** What needs to be done **
Once the line holding "Progenex Woman's WOD T-Shirt front" is found, output it and all remaining lines of the data exactly, with every picture left out.

** Input data **
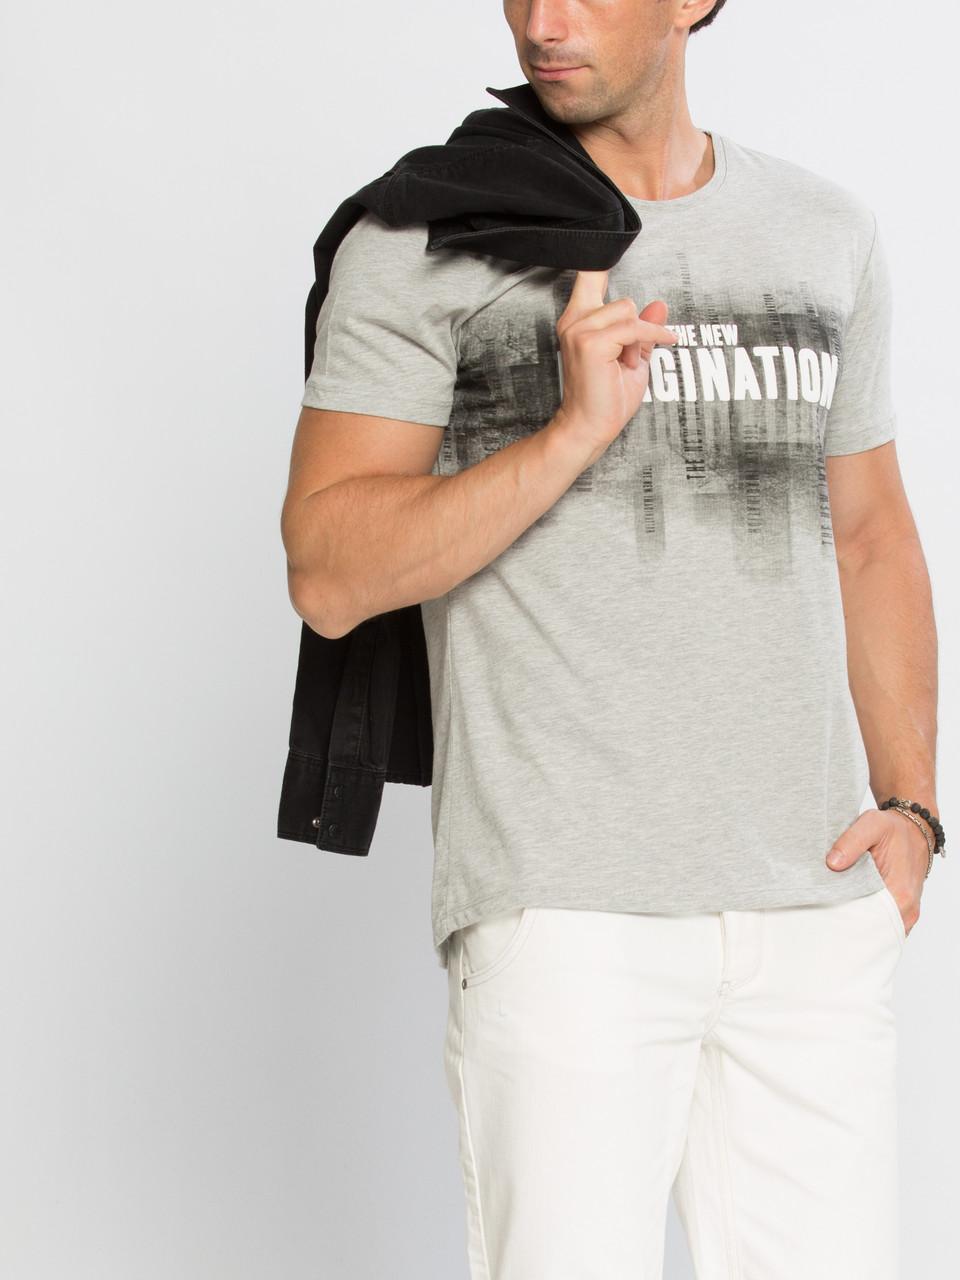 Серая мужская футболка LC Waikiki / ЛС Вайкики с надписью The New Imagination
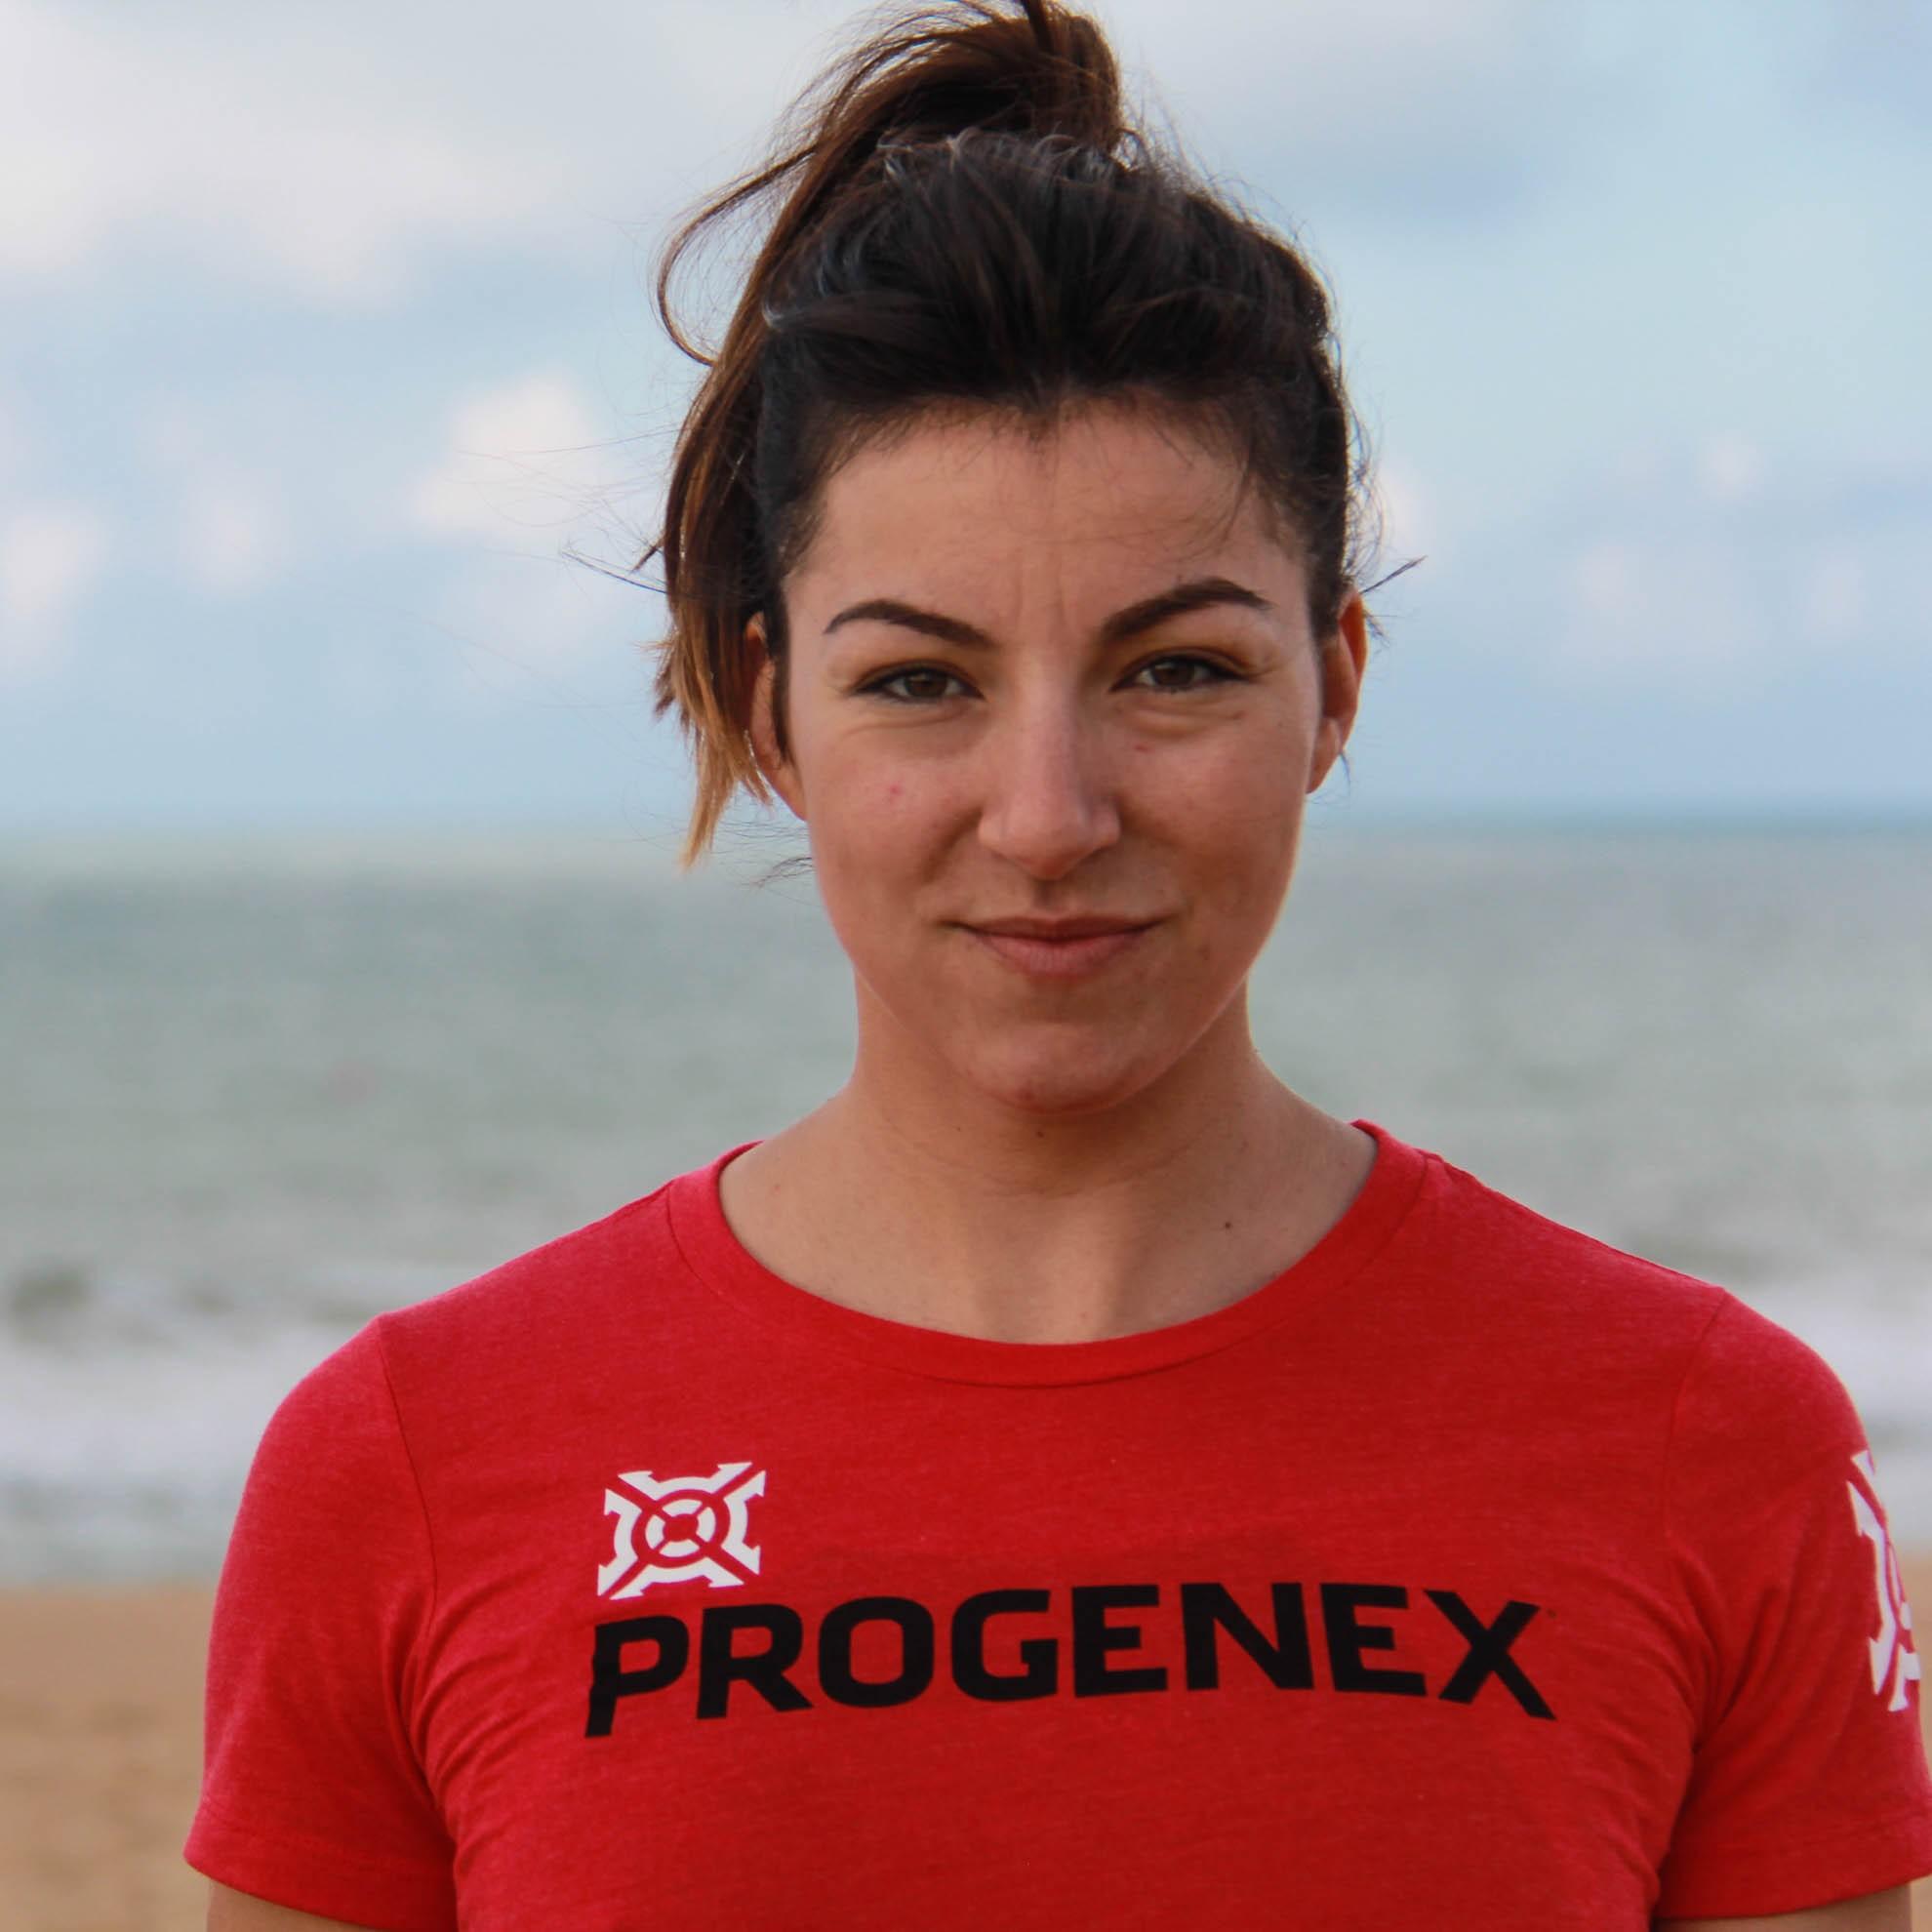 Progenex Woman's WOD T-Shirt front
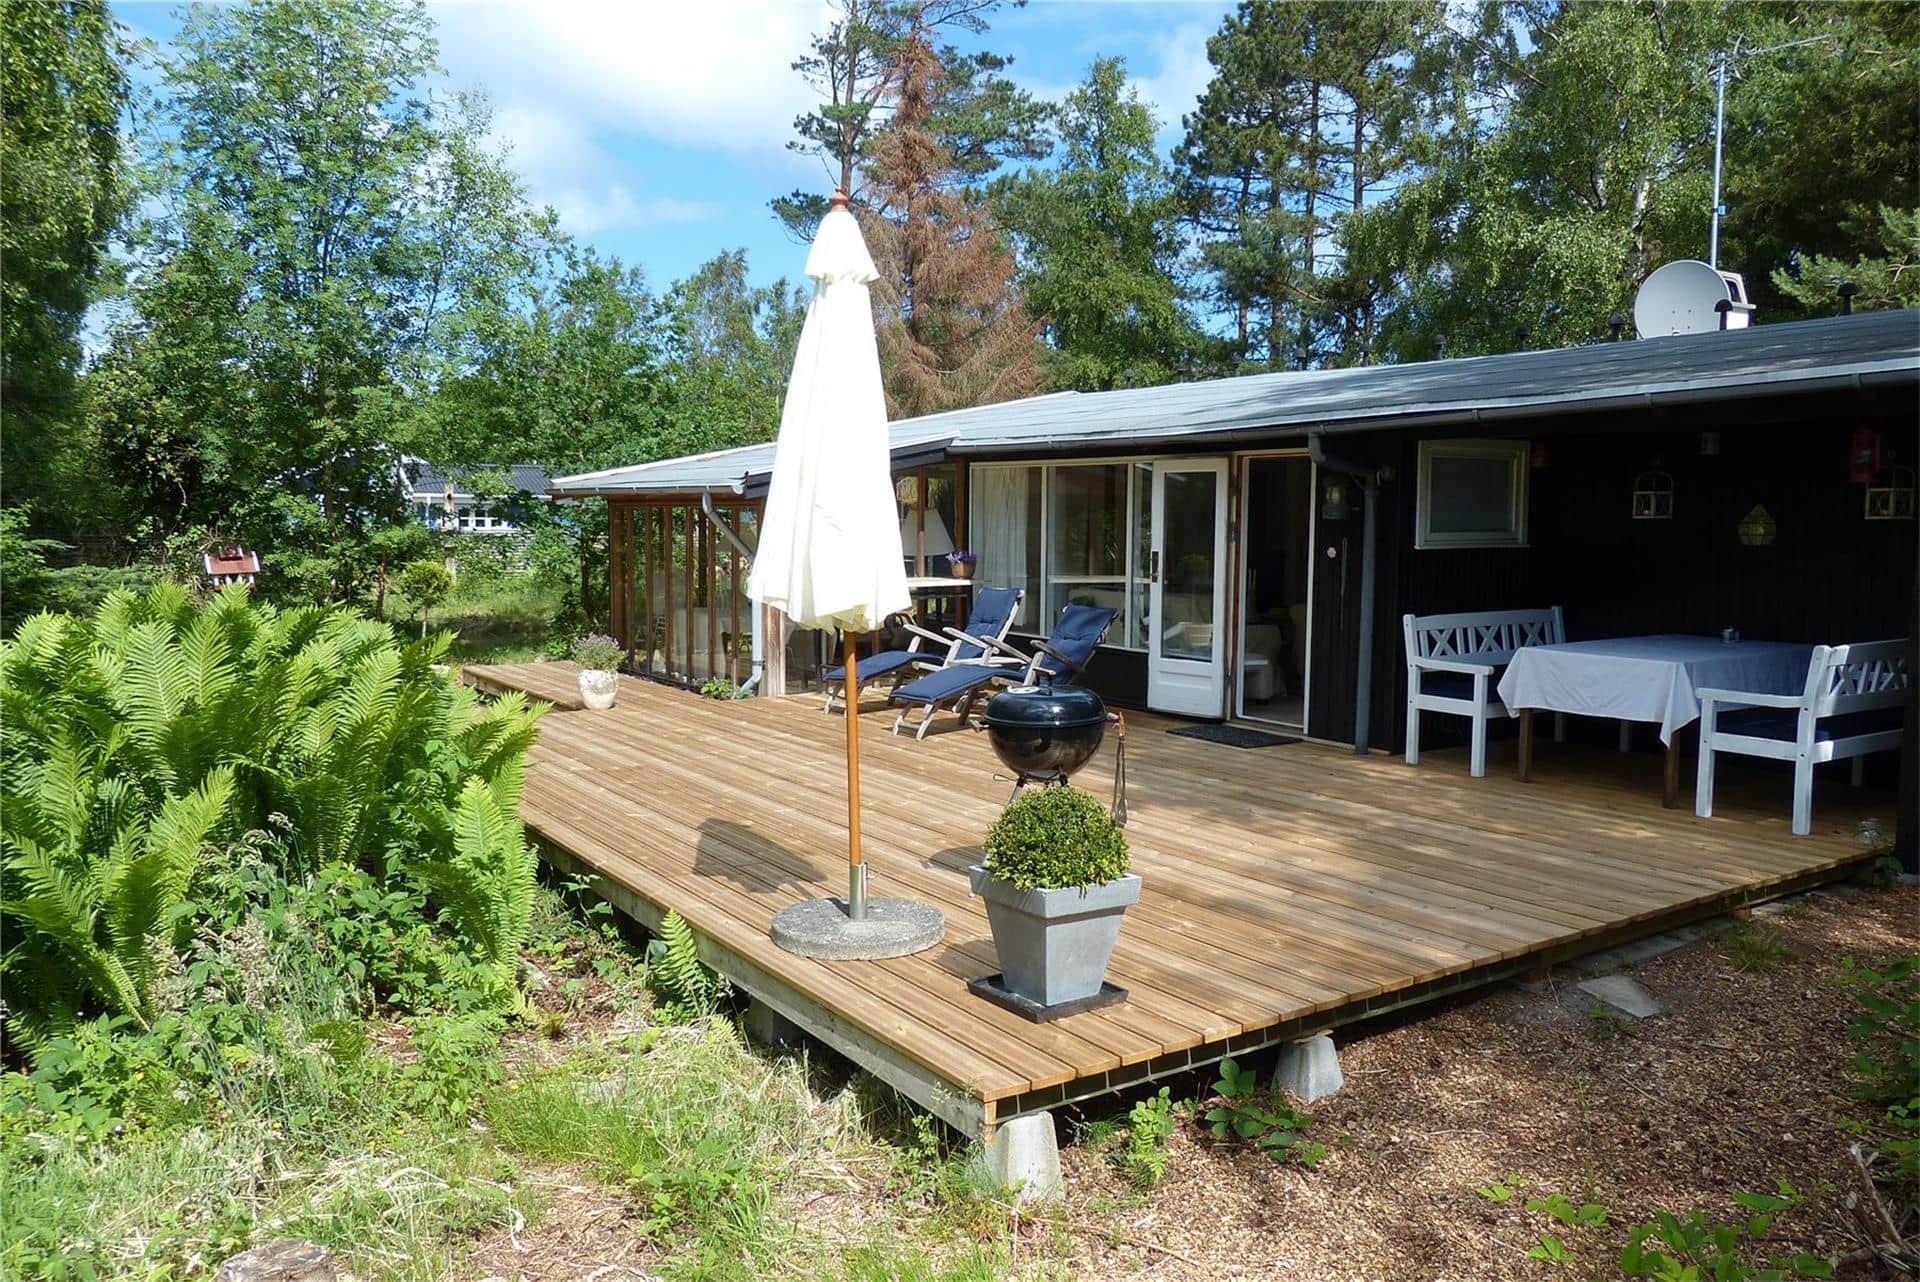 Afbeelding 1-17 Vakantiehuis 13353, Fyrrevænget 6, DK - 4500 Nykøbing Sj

** Result for this exercise **
 Progenex Woman's WOD T-Shirt front
 Afbeelding 1-17 Vakantiehuis 13353, Fyrrevænget 6, DK - 4500 Nykøbing Sj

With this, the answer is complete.